There are two basic models for representing the visibility space, the viewsphere and 3D space. A viewsphere is a unit sphere centred around the object. Each point of the sphere defines a unit vector or viewing direction, connecting the point with the centre of the sphere. This direction is used usually to obtain an orthographic projection of the object: the unit sphere does not carry information about the object-viewer distance, necessary to compute perspective projections. Visual events are curves or points on the viewsphere. In the 3D model, each point in space is considered as a possible viewpoint. The visual events can be points, lines or surfaces in space.

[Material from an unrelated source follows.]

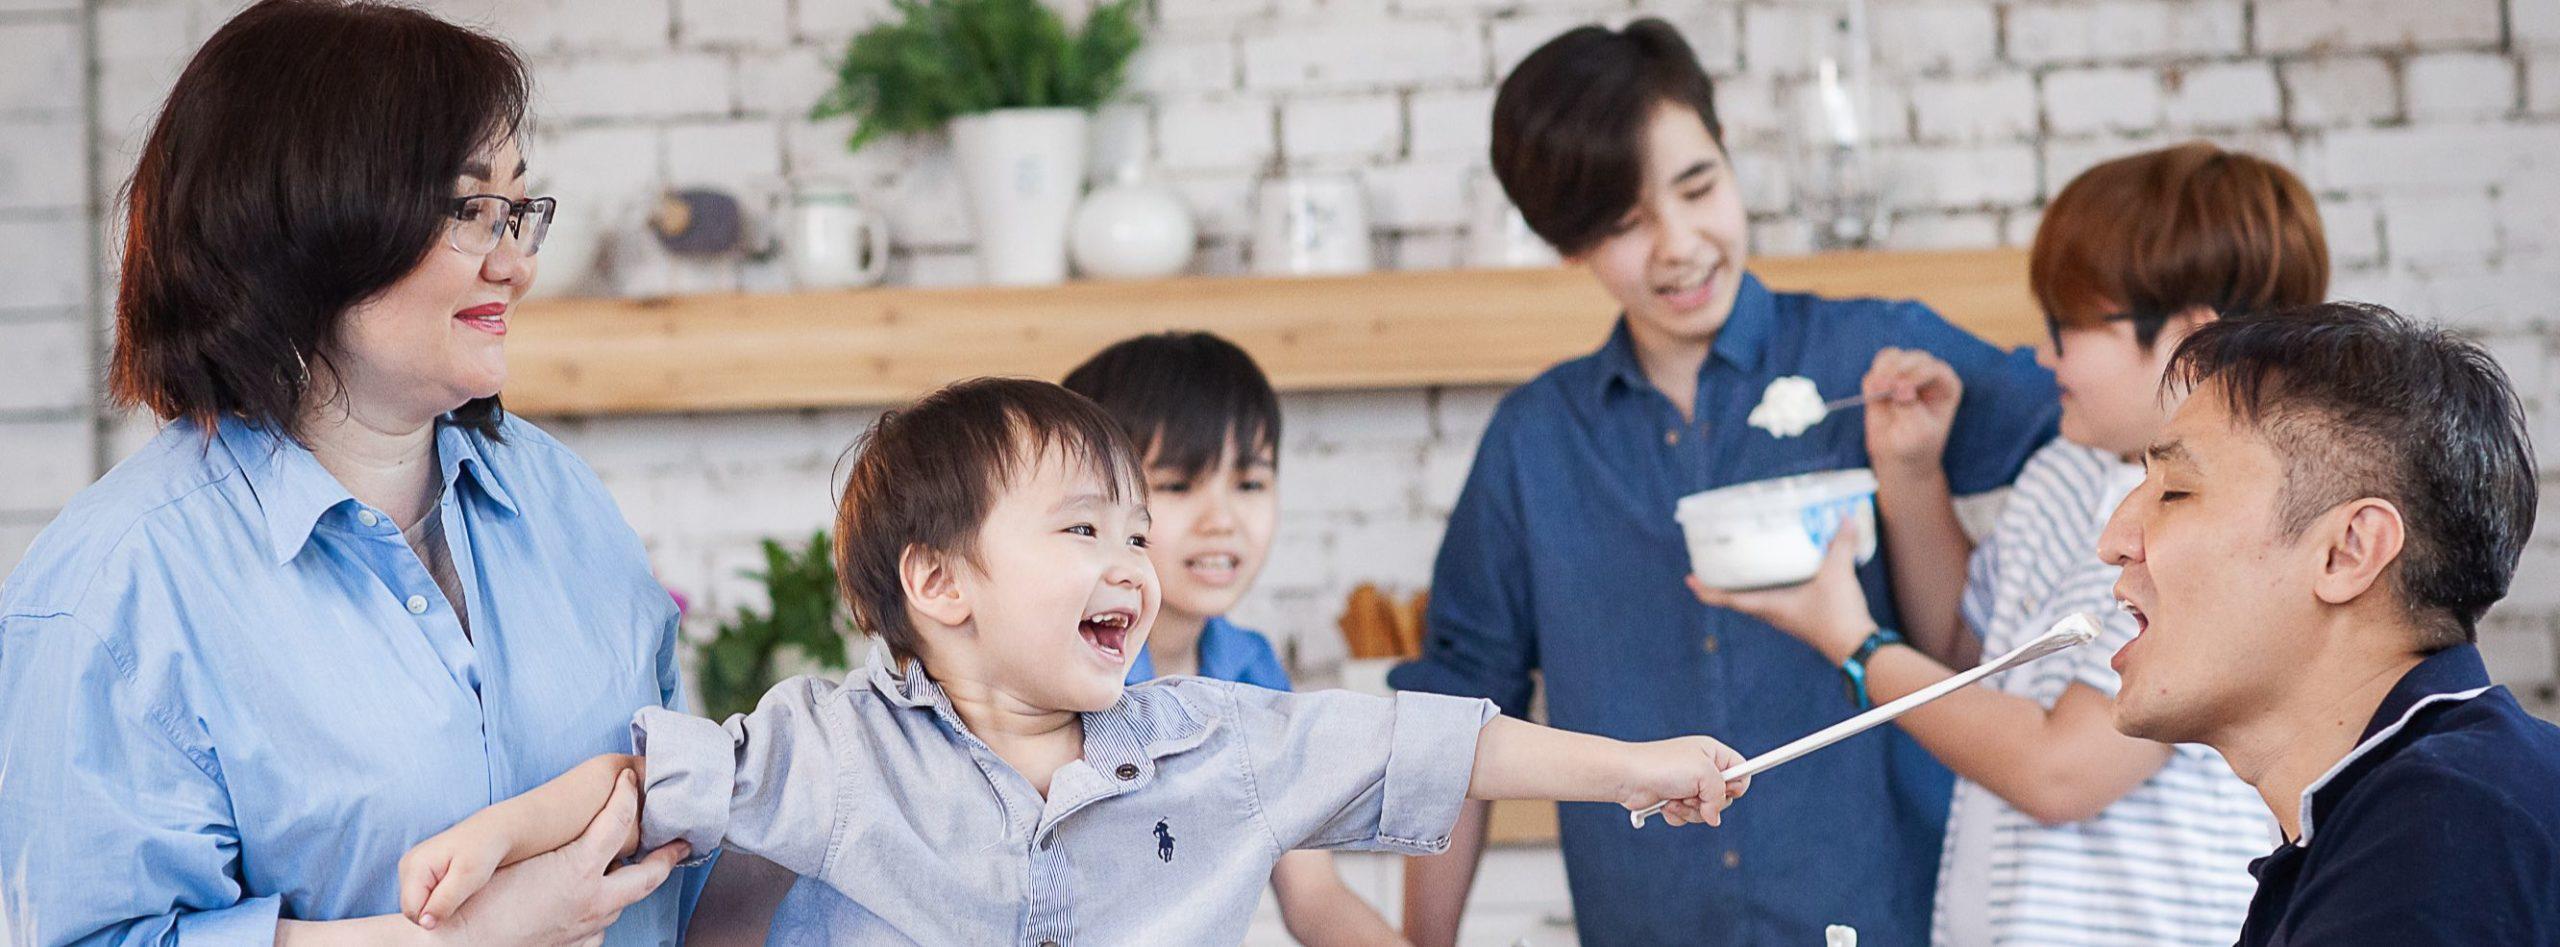 В период карантина в Казахстане выросли продажи мороженого

In most practical applications approximate models are adopted, whereby only a finite number of viewpoints is considered. A popular technique makes use of a geodesic dome or quasi-uniform tessellation to obtain a uniform distribution of viewpoints around an object. A typical way to build such a tessellation is to split recursively the facets of a regular polyhedron (e.g. an icosaedron) until a given resolution is reached. The centres of the facets of the resulting polyhedron define a discrete quasi-uniform grid giving the set of all possible viewpoints.

Figure 1:   A geodesic dome

Views are represented usually as line drawings in exact aspect graphs, and the features adopted to compute view equivalence are therefore edges, vertices and junctions. Surfaces are considered commonly as the sole features, in approximate methods, especially in applicative contexts when based on ray-tracing.